Due to the reduction in the amount of air available for combustion, the flame temperature in the engine cylinders may be reduced. The reduction of the flame temperature may reduce NO_xproduction during ignition in the cylinder.
As shown in FIG. 2A, in order to further reduce NO_xproduction, exhaust gas may be redirected via an exhaust gas recirculation unit 120. During recirculation, the exhaust gas may be cooled via an exhaust gas recirculation (EGR) cooler 122 as the exhaust gas flows through this exhaust gas recirculation circuit 120.
The EGR cooler 122 may be a dedicated cooler, for example a dedicated heat exchanger; dedicated “shell and tube”-type cooler; or dedicated “stack”-type cooler.
The EGR cooler 122 may be prone to fouling.
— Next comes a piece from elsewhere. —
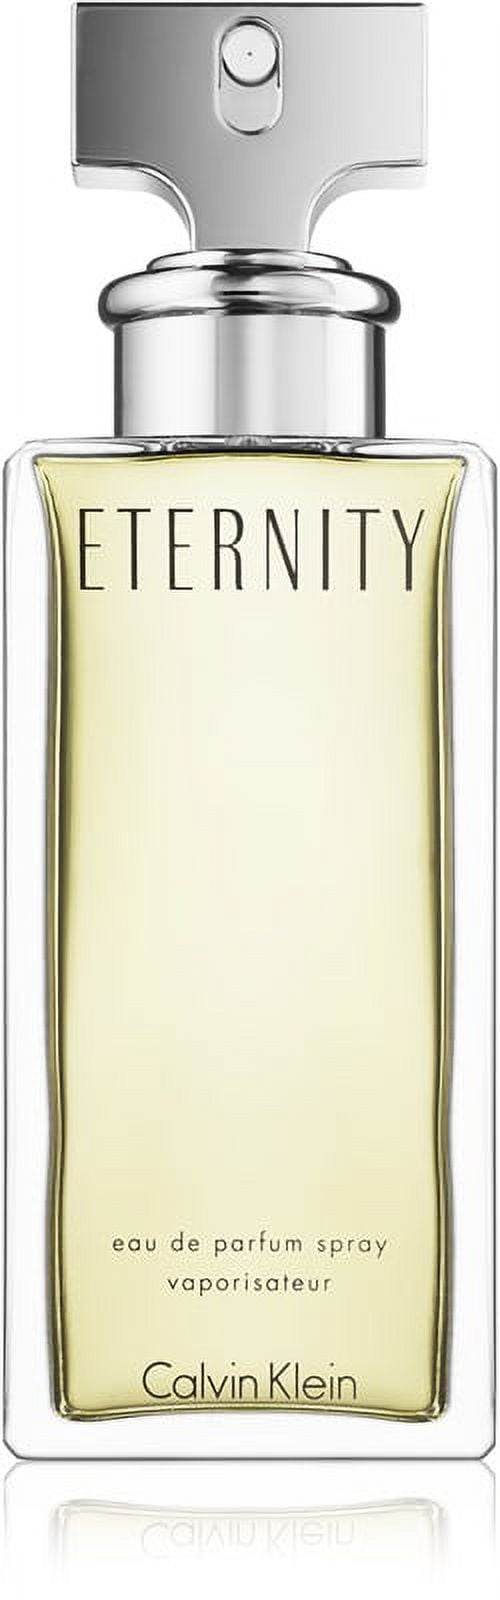 Calvin Klein Eternity Eau De Parfum Spray, Perfume for Women, 3.4

Specifically, the EGR cooler may become fouled due to the condensation of exhaust gases inside the EGR cooler 122. The present inventor observed that droplet formation due to condensation may occur inside the EGR cooler at exhaust gas temperatures below a predetermined temperature. In an exhaust gas recirculation system for a diesel engine, the predetermined temperature may be the acid dew point of the combustion end products or exhaust gas. Exhaust gas condensation in the EGR cooler 122 also decreases the efficiency of heat transfer between the exhaust gas and the EGR cooler 122.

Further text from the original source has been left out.